_What this task involves_: Excluding every picture, print exactly the lines from the one containing "The dress is" through the end of the material below, both ends included.

_Recorded data_:
=== Section Start ===

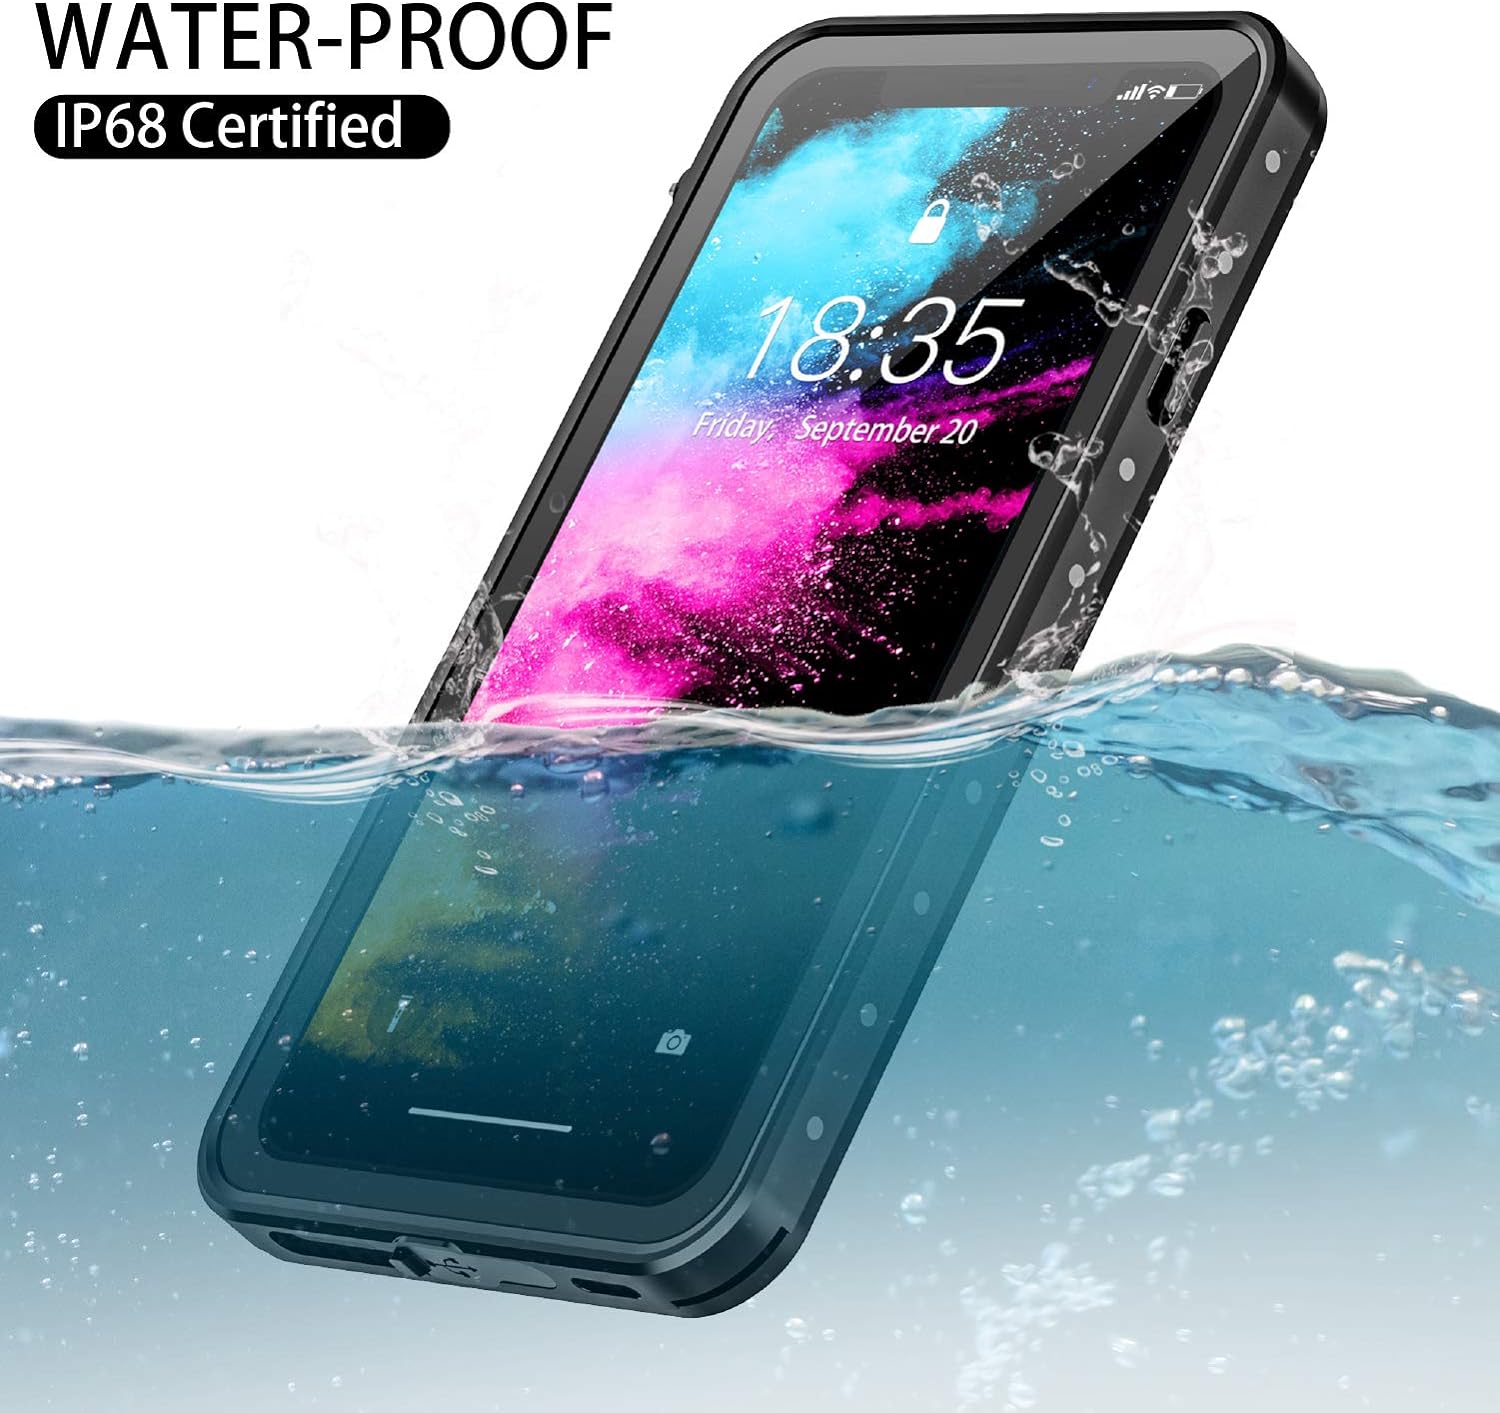 Waterproof Shockproof Dustproof Snowproof Case for iPhone X & Xs *Free Shipping*
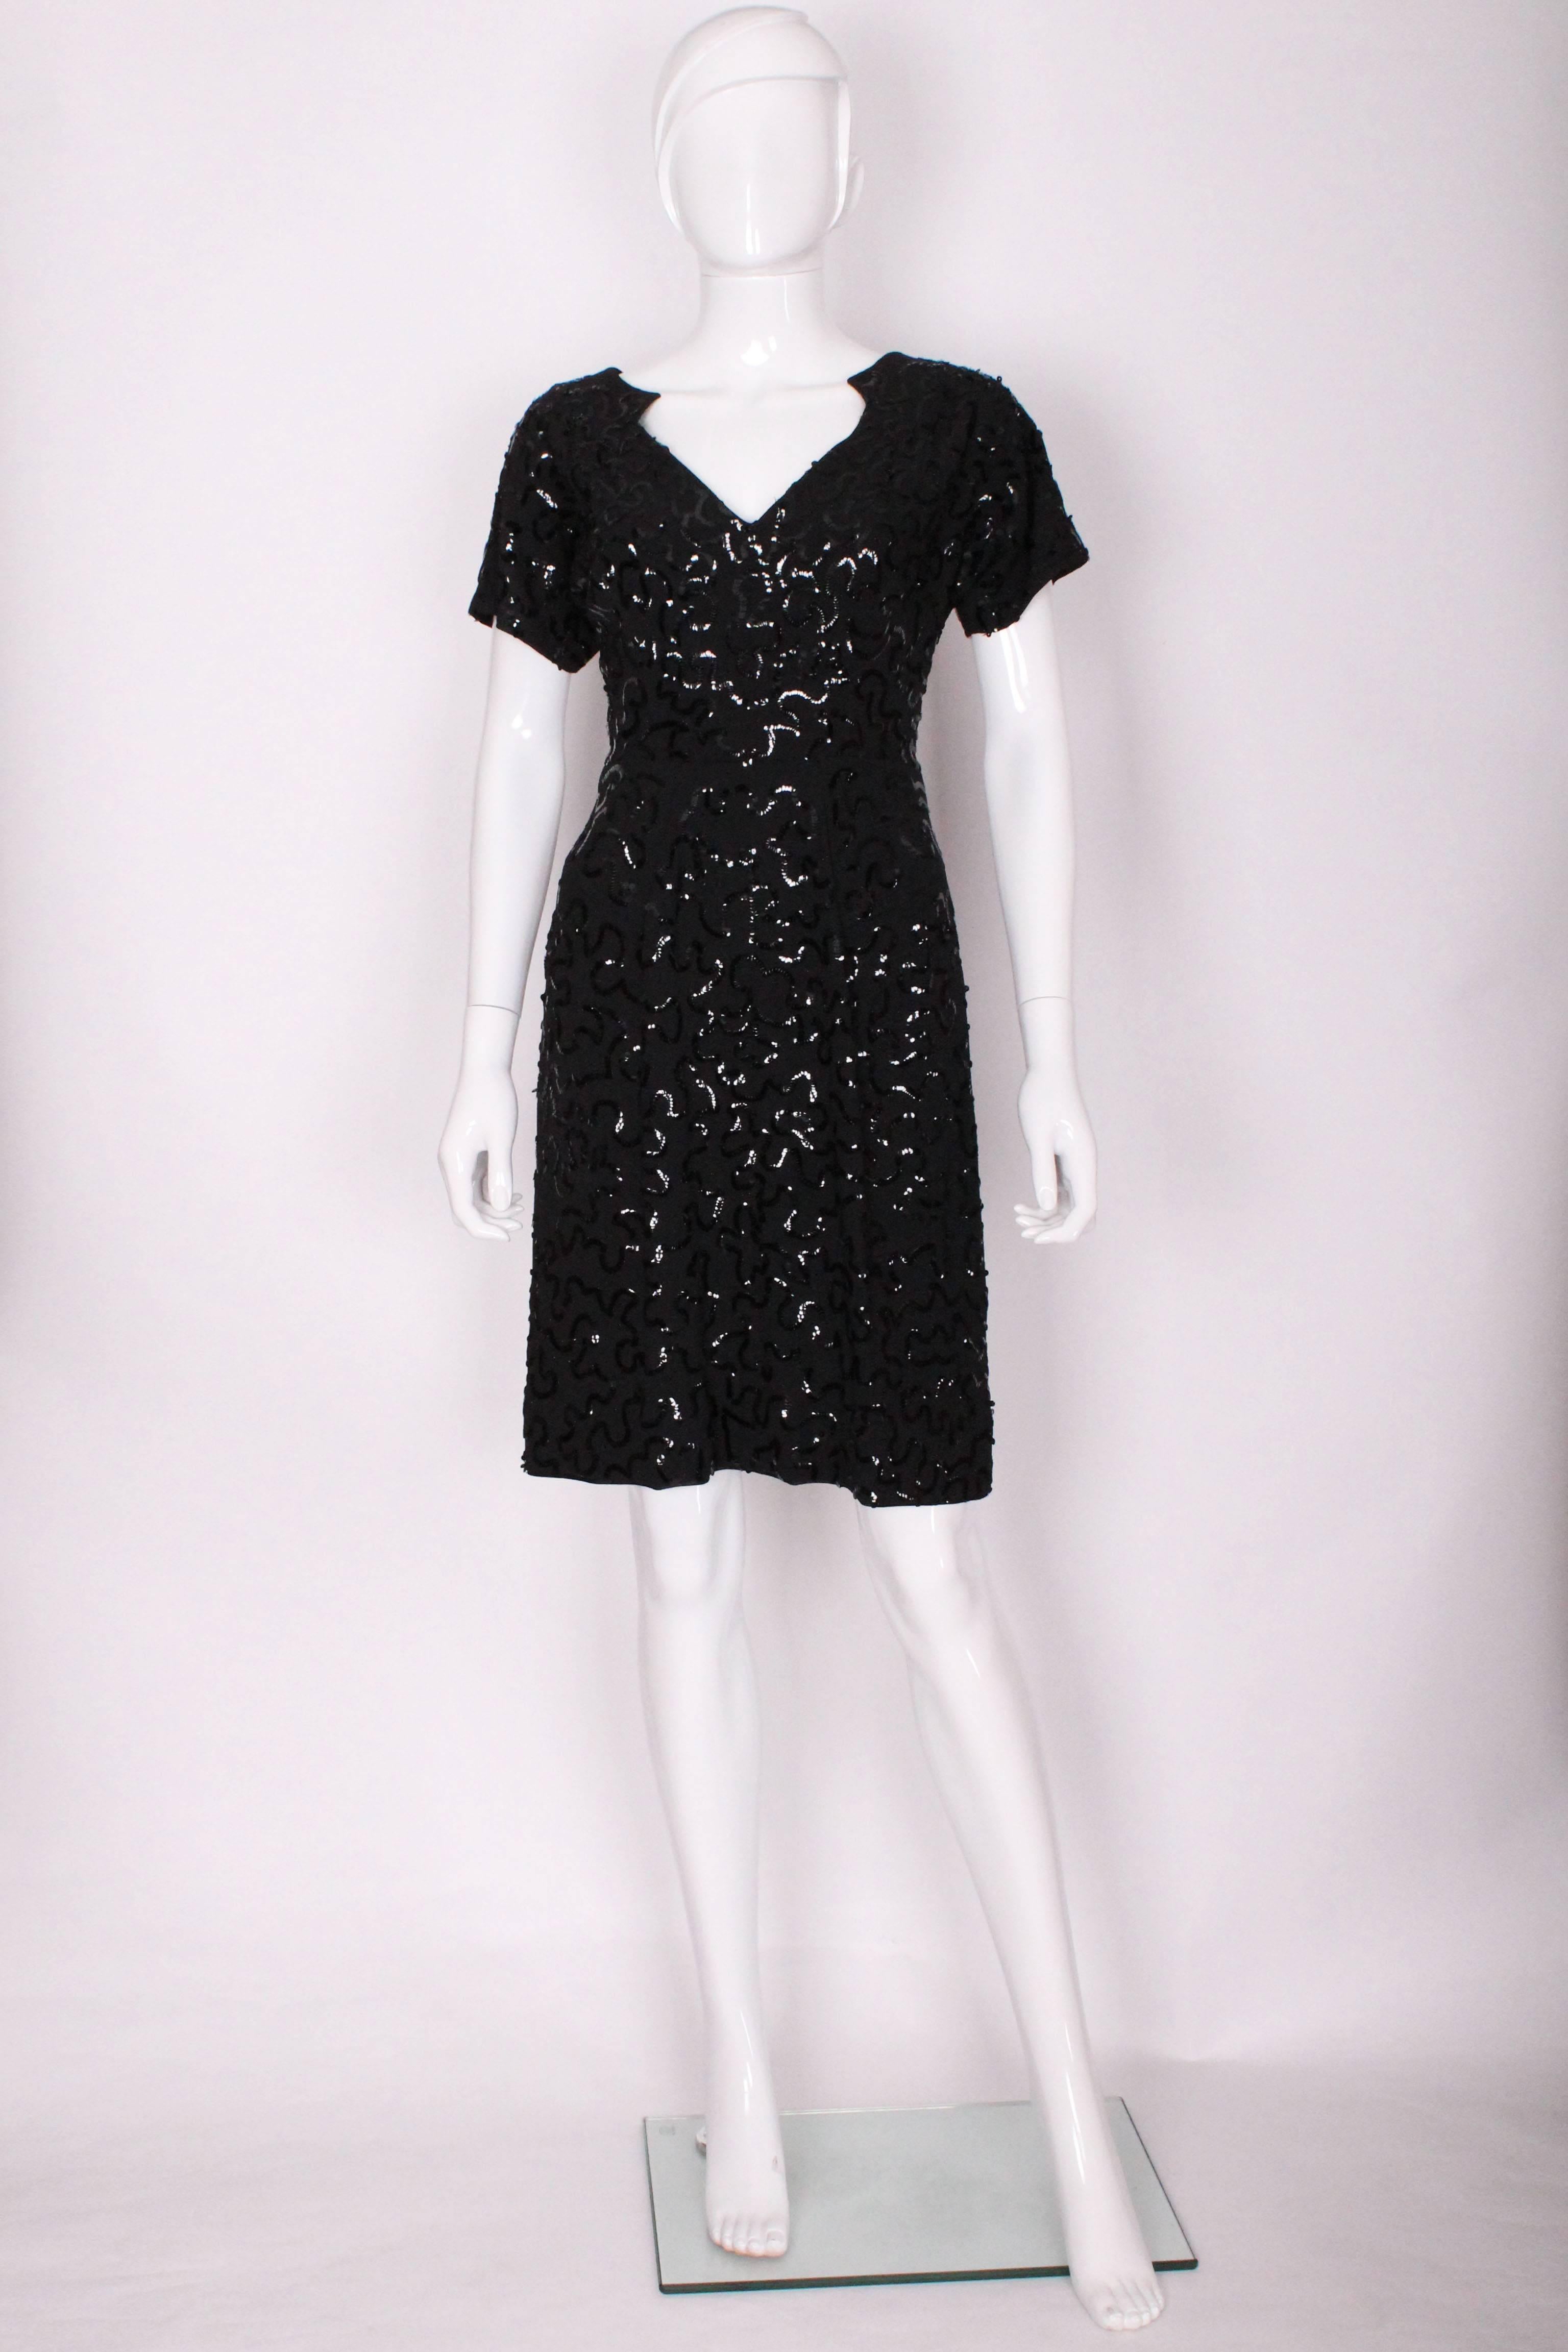 A chic cocktail dress by French designer Jeanne Paquin.
The dress is made of a wool crepe with black sequins sewn on in a squiggle pattern . It has a v neckline with shape at the shoulder and 'backline', with a central back zip.It has short sleaves,
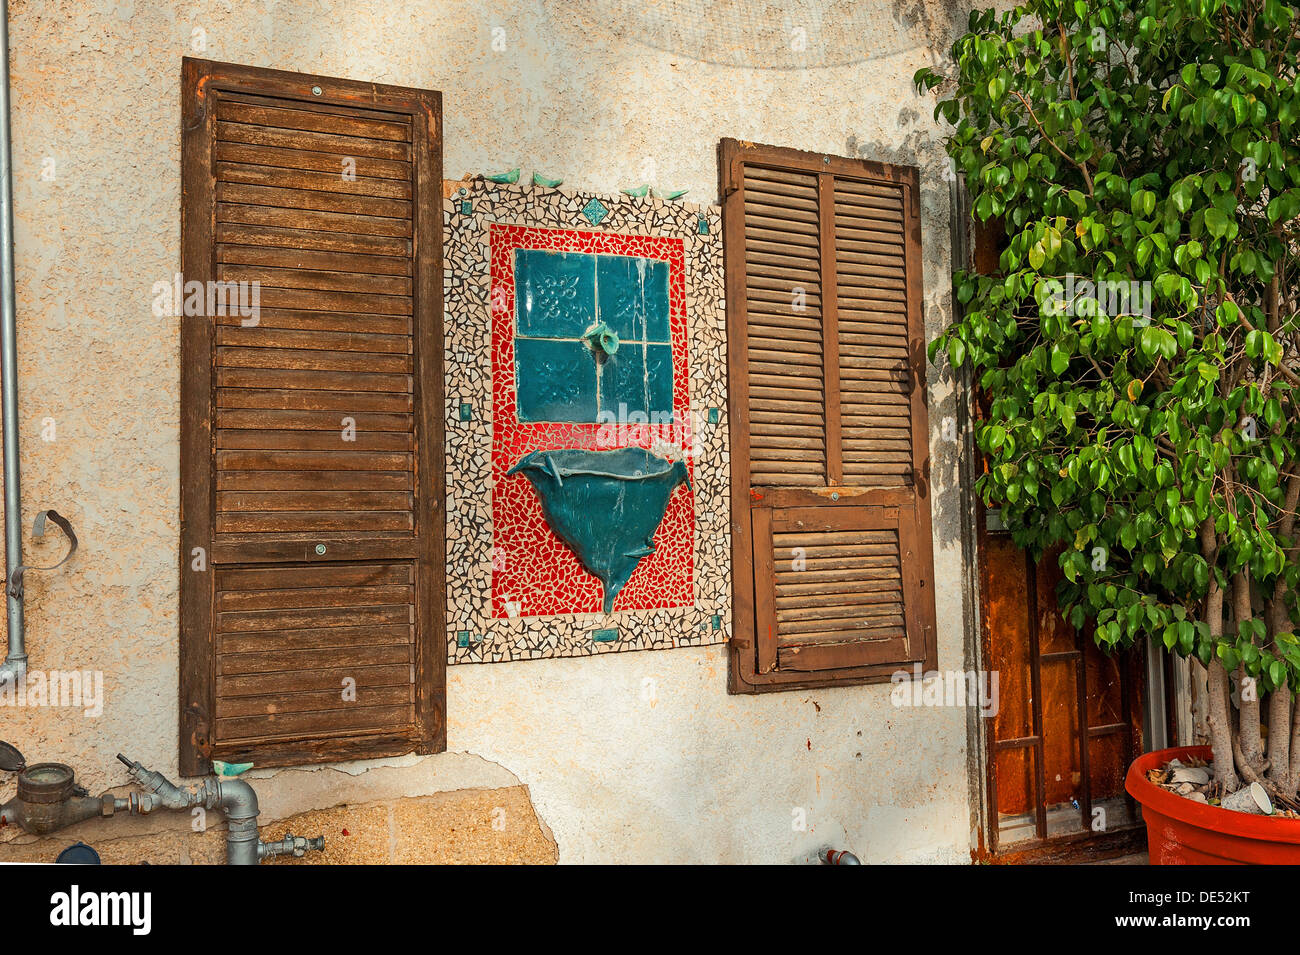 A building wall with mosaics, water fountain fake shutters and pipes in Mazkeret Batya Israel Stock Photo

=== Section End ===

_Solution_:
The dress is made of a wool crepe with black sequins sewn on in a squiggle pattern . It has a v neckline with shape at the shoulder and 'backline', with a central back zip.It has short sleaves,
 A building wall with mosaics, water fountain fake shutters and pipes in Mazkeret Batya Israel Stock Photo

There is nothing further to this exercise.